(Exercise goal):
The reply must contain exactly the lines below from the one with "clarks women's cheyn wale loafer" down to the one with "Collar de oro", both included, and nothing more; please omit the pictures.

(Record set):
-- Opening Marker --
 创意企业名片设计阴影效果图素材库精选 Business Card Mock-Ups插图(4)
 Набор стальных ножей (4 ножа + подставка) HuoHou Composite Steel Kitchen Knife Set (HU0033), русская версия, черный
-- Closing Marker --
-- Opening Marker --
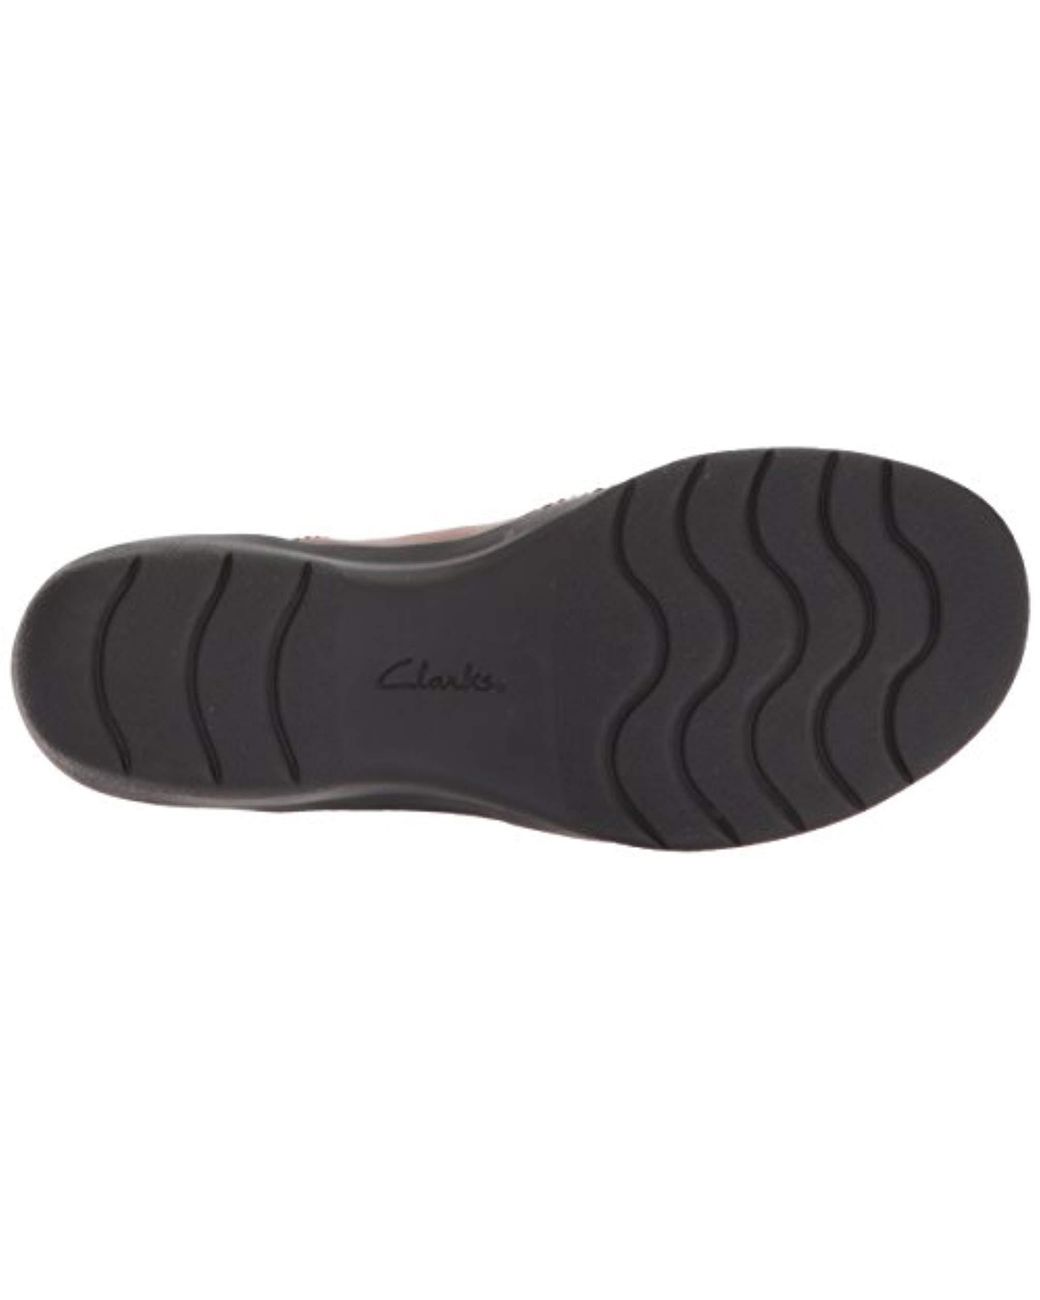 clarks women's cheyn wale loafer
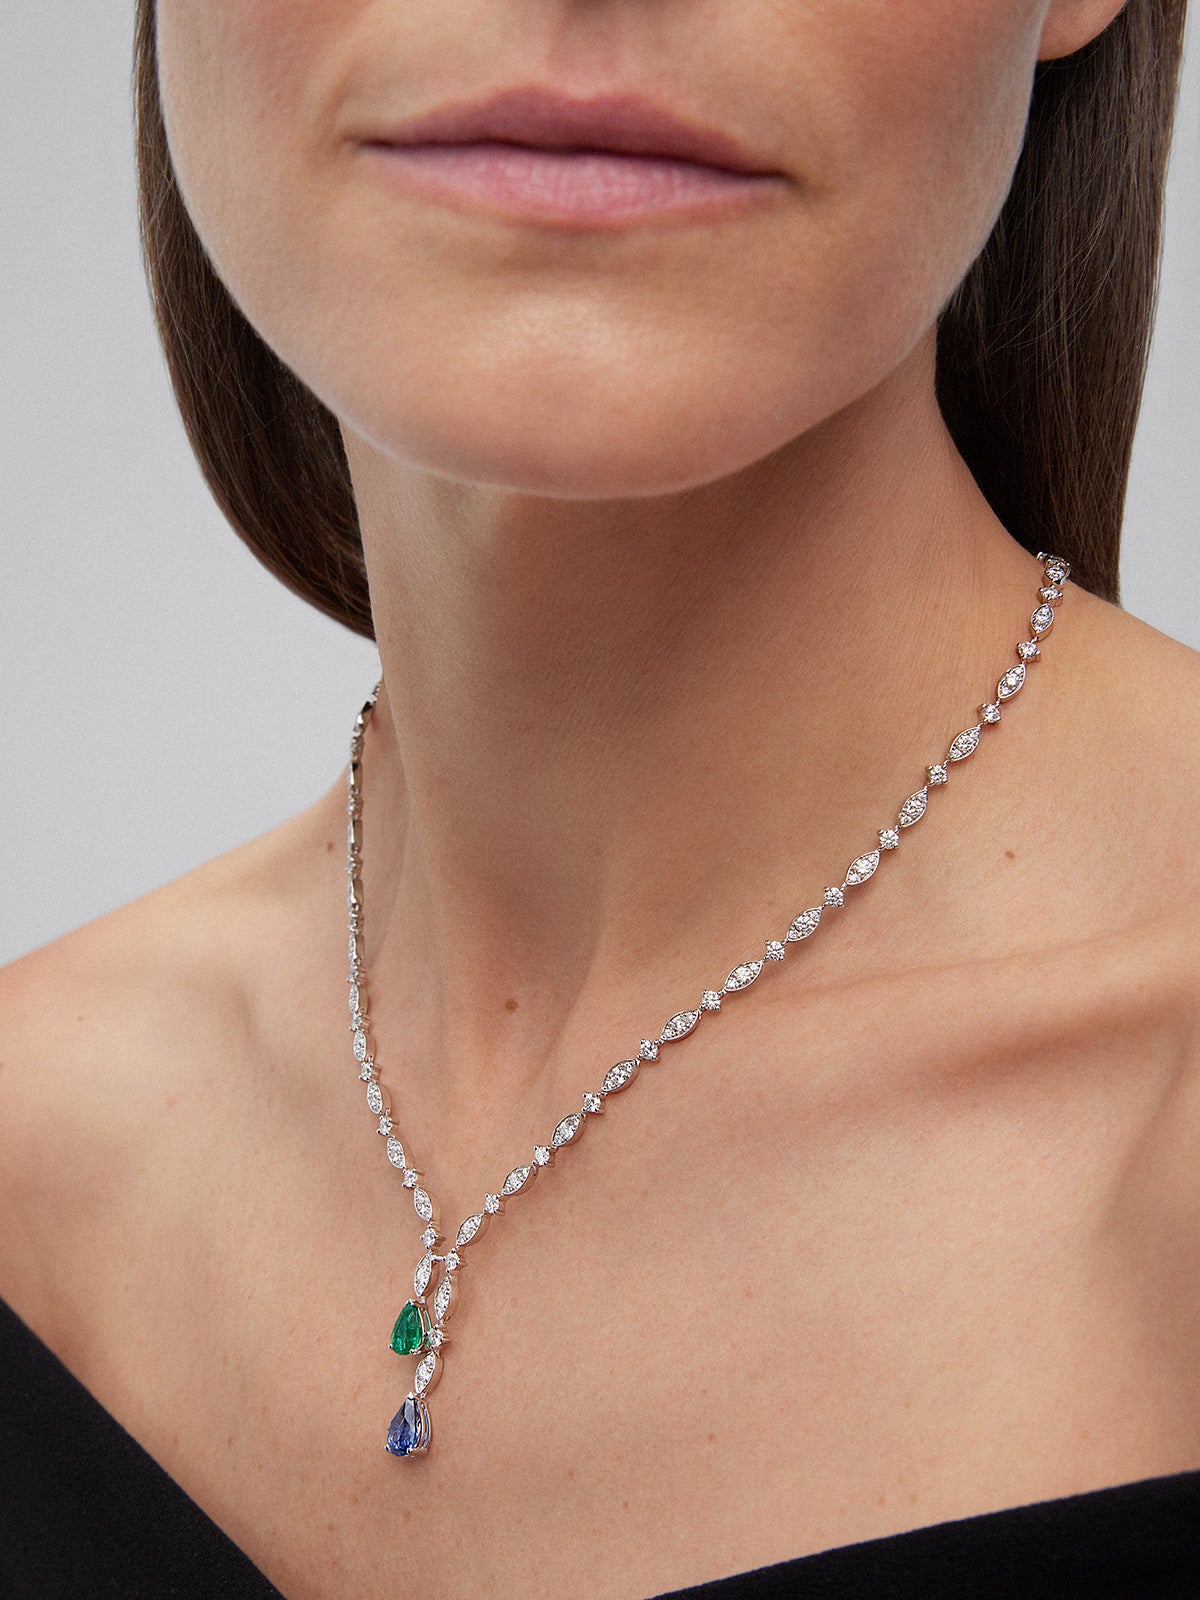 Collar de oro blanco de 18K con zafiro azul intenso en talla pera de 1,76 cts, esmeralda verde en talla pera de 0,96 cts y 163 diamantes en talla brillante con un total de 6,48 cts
-- Closing Marker --
(Output for this task):
 clarks women's cheyn wale loafer
 Collar de oro blanco de 18K con zafiro azul intenso en talla pera de 1,76 cts, esmeralda verde en talla pera de 0,96 cts y 163 diamantes en talla brillante con un total de 6,48 cts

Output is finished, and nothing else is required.